I cut my teeth on country music in college. Having come from Alabama, one would think that country music was in my blood, but it took a move to Nashville to have the country melody course through my soul. In a line from a country music classic at that time, Clint Black sang: “Walking away, I saw a side of you that I knew was there all along.” The song is a tribute to broken hearts, but who knew that walking away (or walking, anyway) could actually be good for a broken heart?
In a December 2013 issue of the medical journal, The Lancet, investigators of the NAVIGATOR trial asked what effect exercise really had on the heart. Studying over 9,000 participants with pre-diabetes and known heart problems (or a significant risk for heart problems) these scientists tracked how much their patients exercised.
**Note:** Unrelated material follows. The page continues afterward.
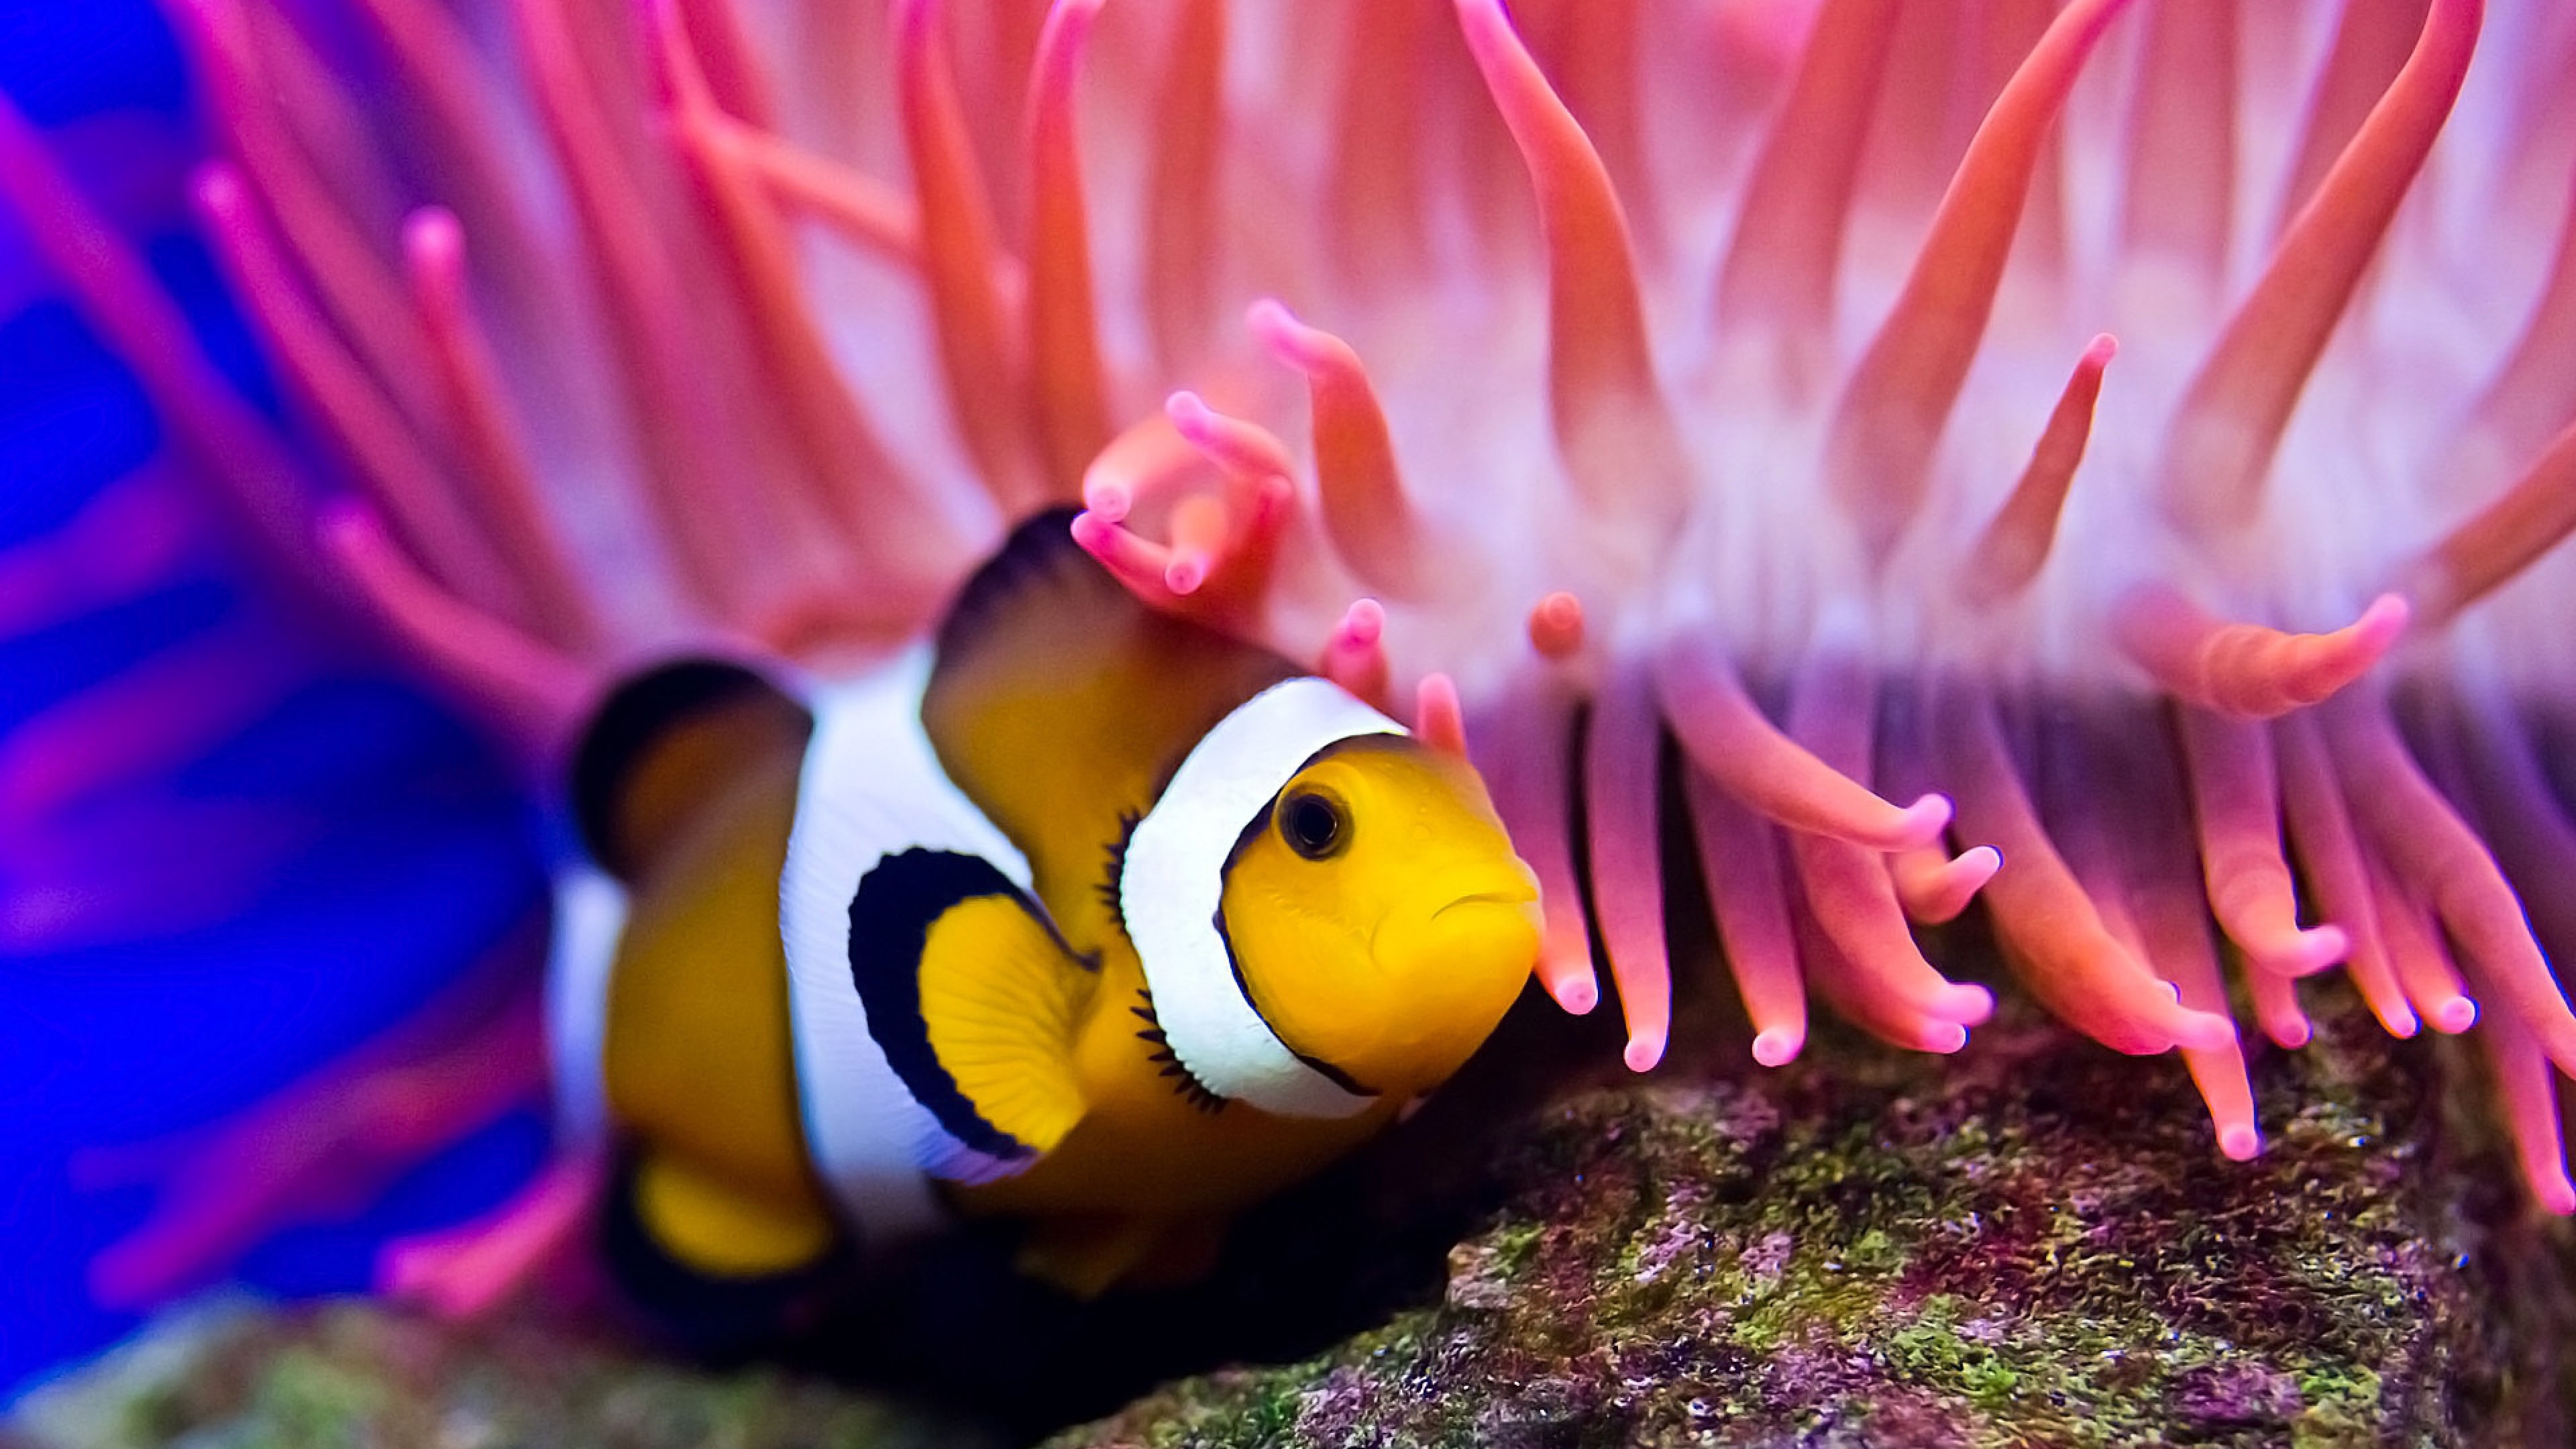 Free download Hd Wallpapers Clown Fish 1920 X 1200 1238 Kb Jpeg HD  Wallpapers 640x960 for your Desktop Mobile  Tablet  Explore 44 Clown  Fish Wallpaper HD  Creepy Clown Wallpaper Scary Clown Wallpapers Clown  Wallpaper

For a week at the beginning of the study, and then a week almost six years later, patients wore a pedometer to record their steps. For those patients who walked over 2,000 steps in a day (the equivalent of 20-minutes of sweat-producing exercise), their cardiovascular health was improved. Significantly.
Walking 2,000 steps a day reduced the risk of cardiovascular problems in these high-risk individuals by 10 percent. For those who pushed themselves even further (say 4,000 steps a day, or 40-minutes of exercise), the benefits continued to accumulate. These included reduction in heart attacks, reduction in strokes, and (perhaps most importantly) reduction in deaths from cardiovascular concerns.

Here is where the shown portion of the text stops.